▶ Brief:
Copy all the lines of the listing below exactly. Skip the images.

+++ Data section

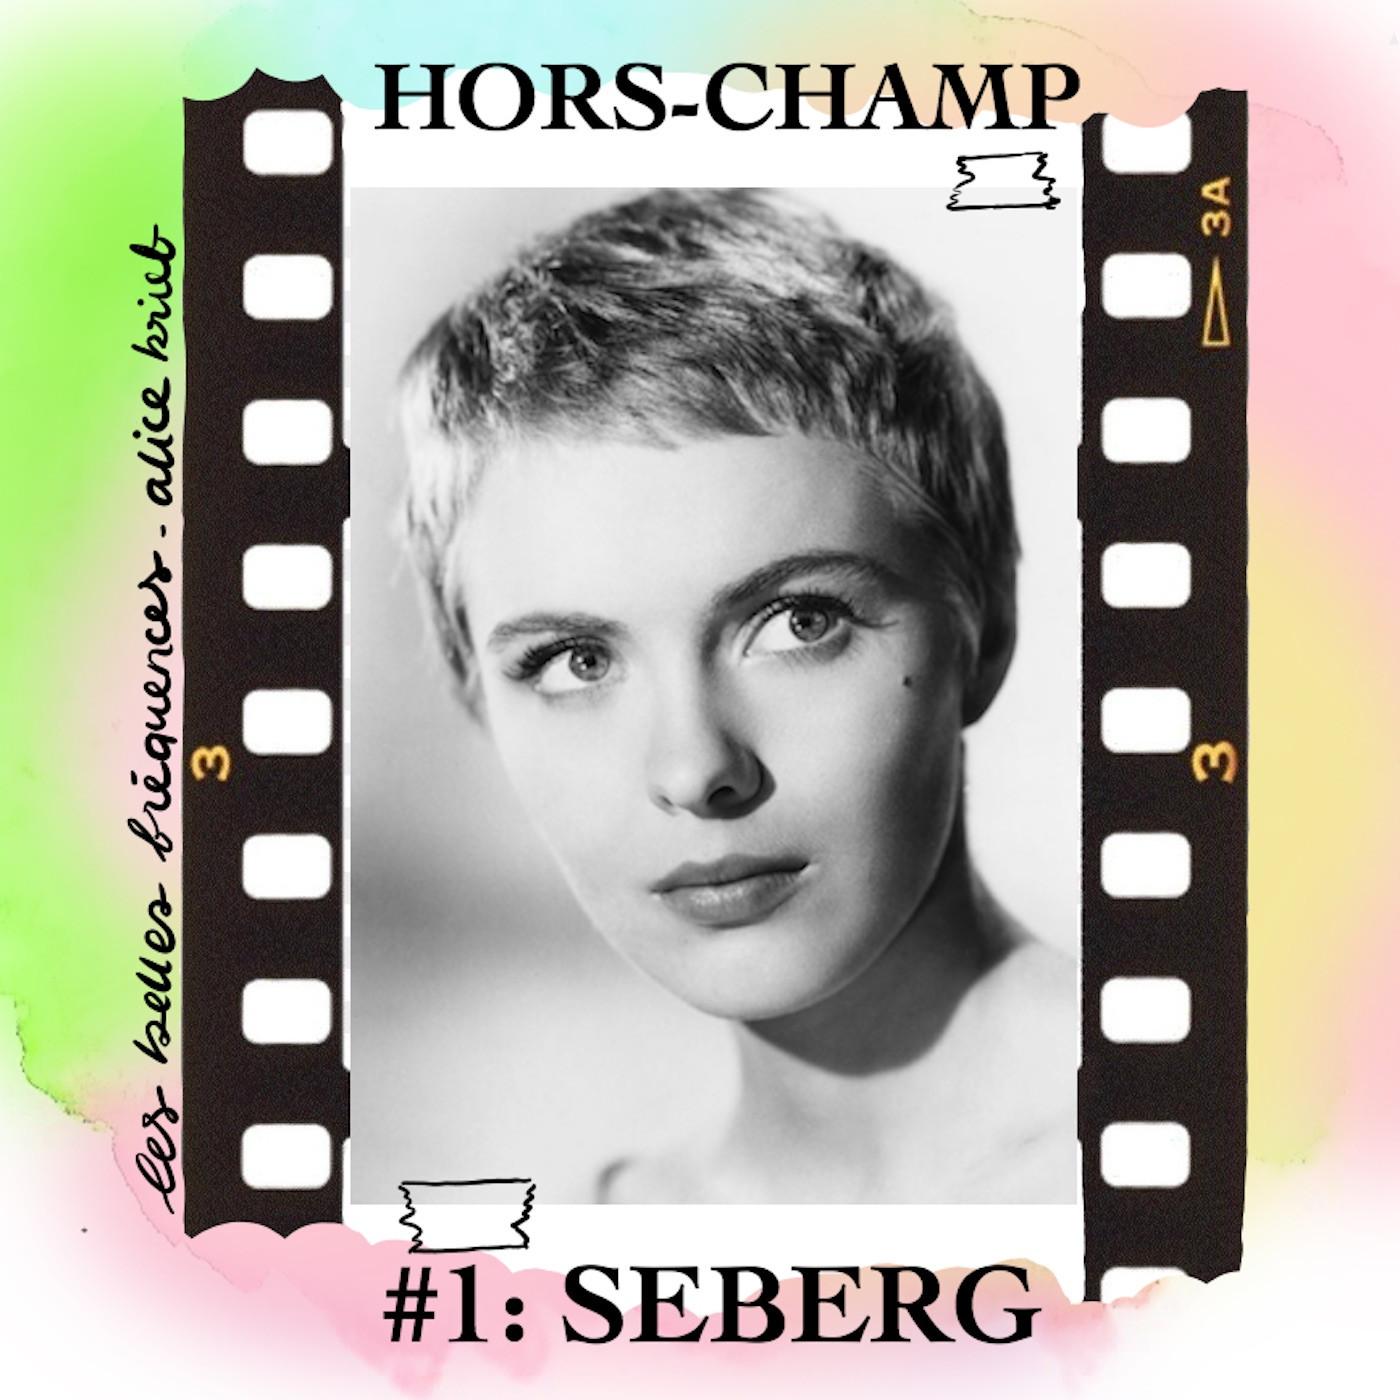 #1 : SEBERG
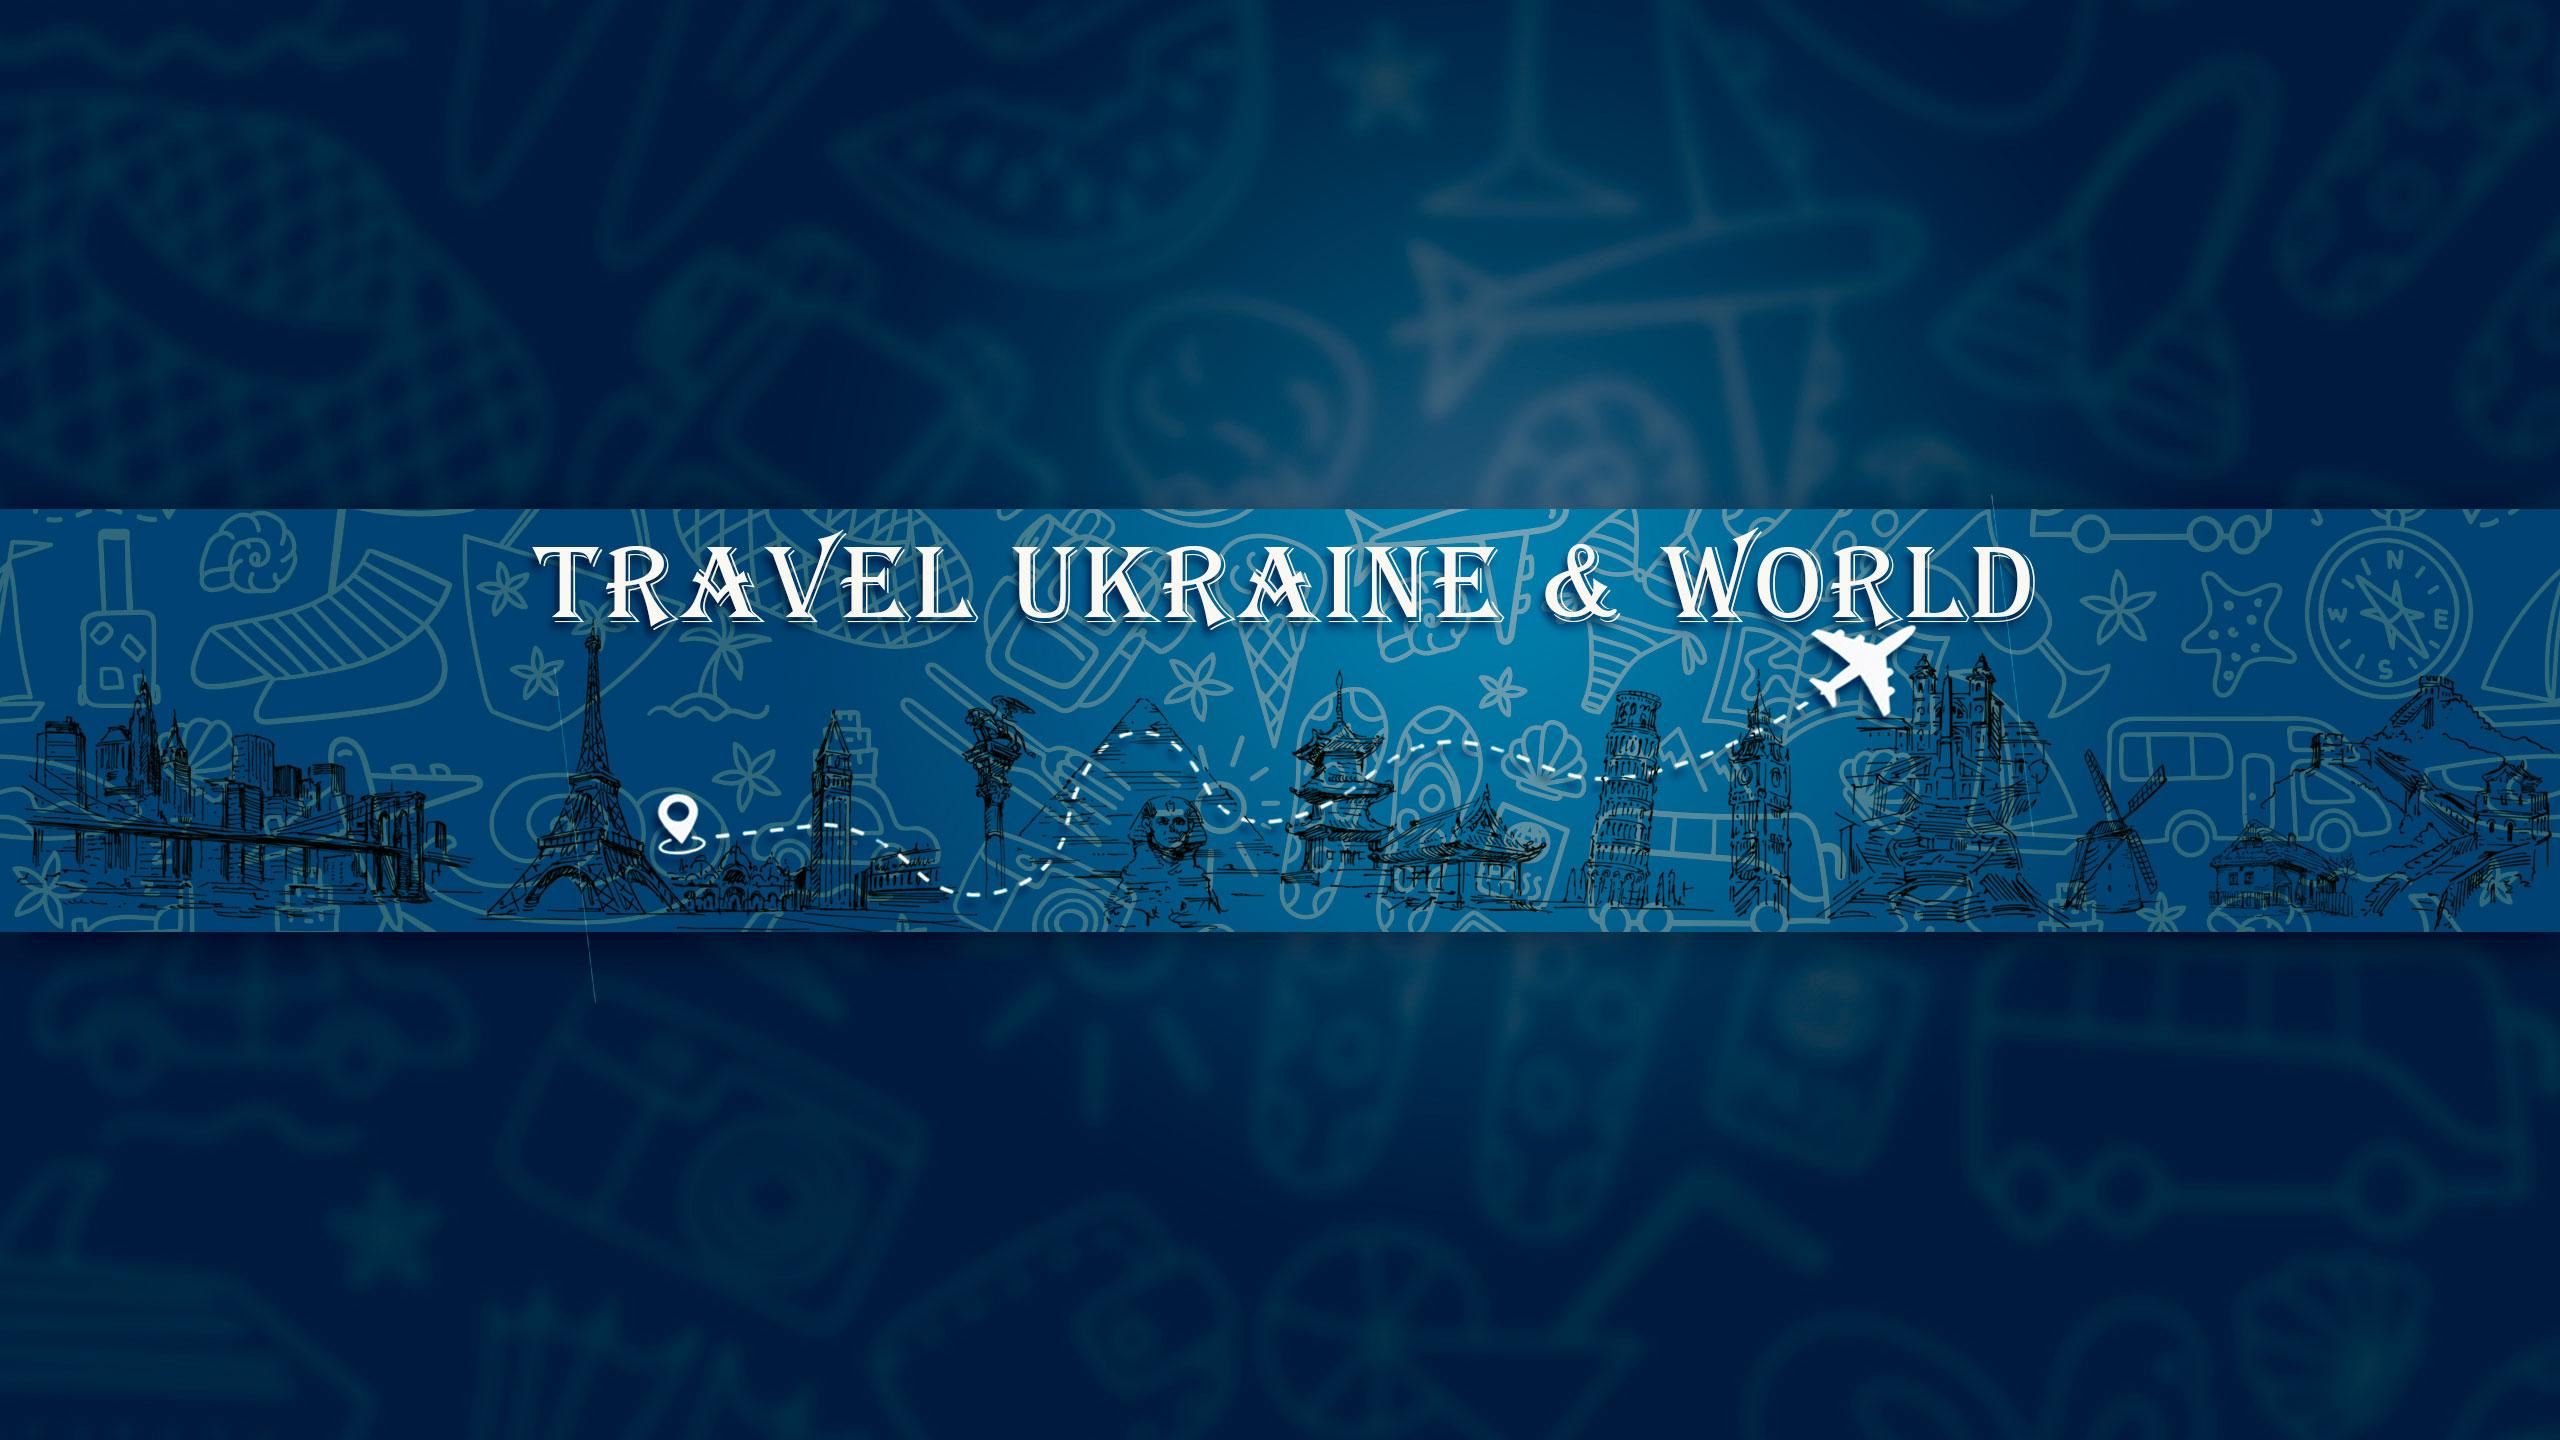 Travel Ukraine & World
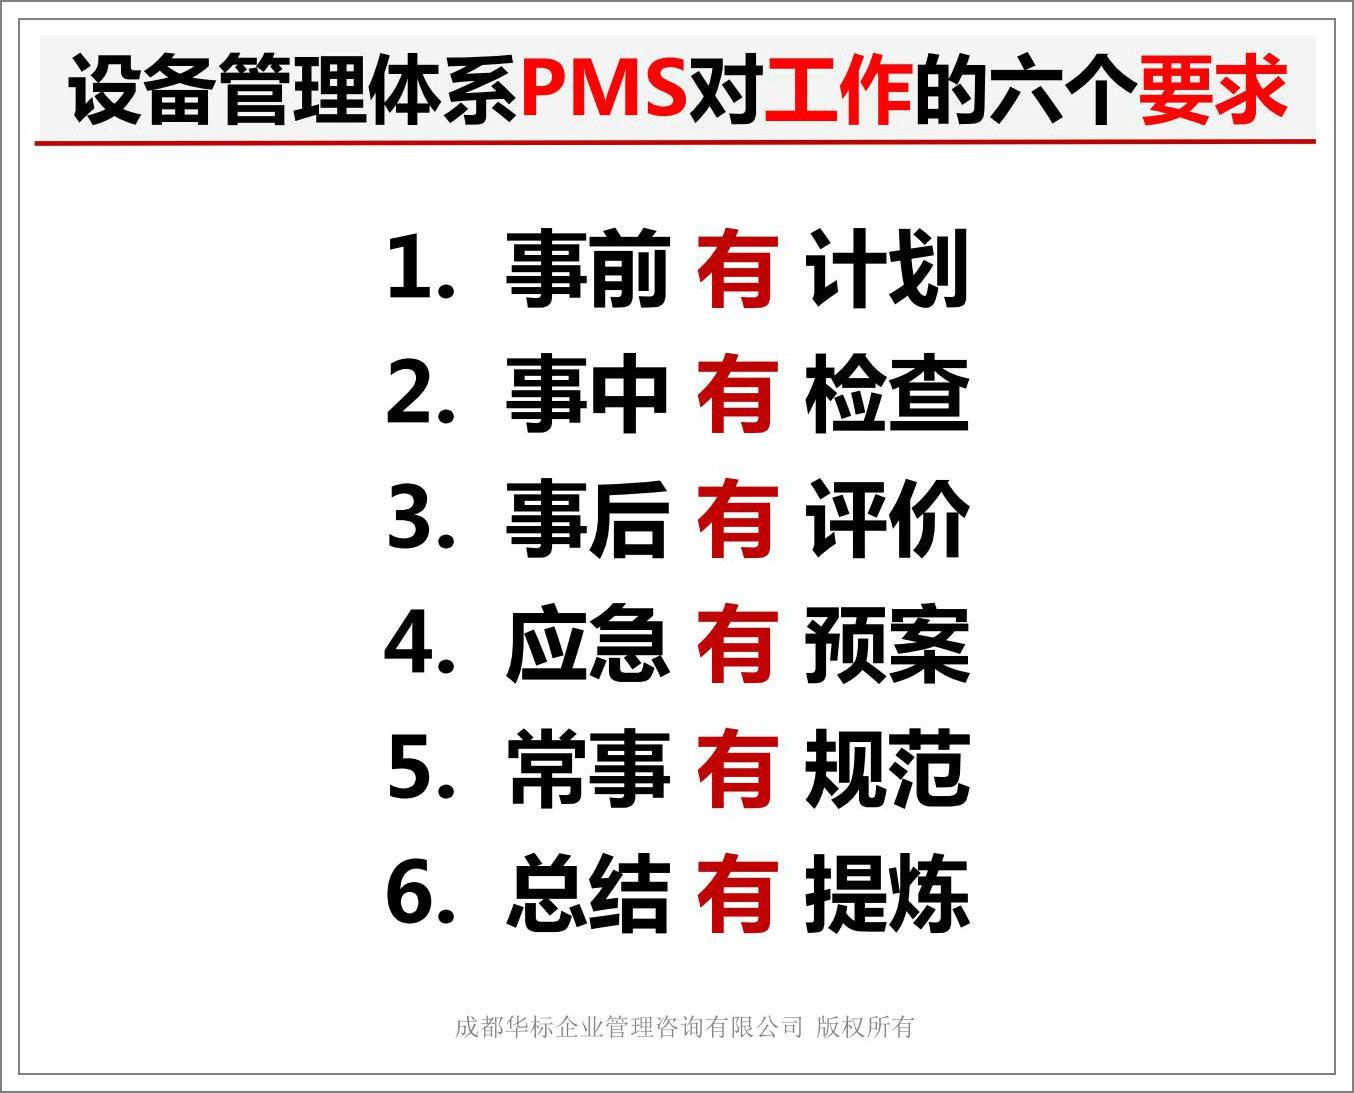 设备管理体系PMS对工作的六个要求.jpg
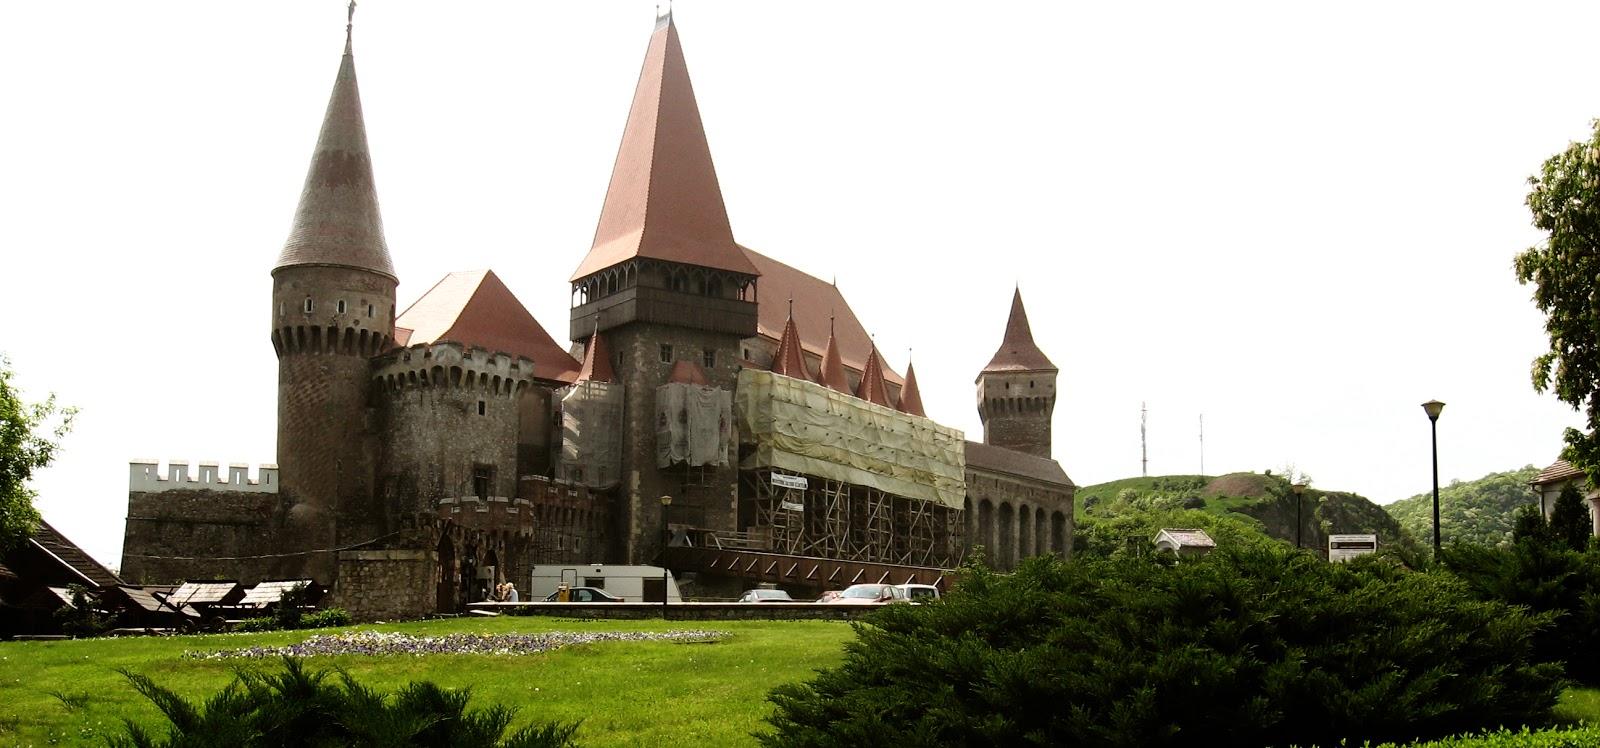 Obiective turistice in Romania Castelul Huniazilor sau Cetatea Hunedoara imageanchor=

++++++

▶ Task result:
 #1 : SEBERG
 Travel Ukraine & World
 设备管理体系PMS对工作的六个要求.jpg
 Obiective turistice in Romania Castelul Huniazilor sau Cetatea Hunedoara imageanchor=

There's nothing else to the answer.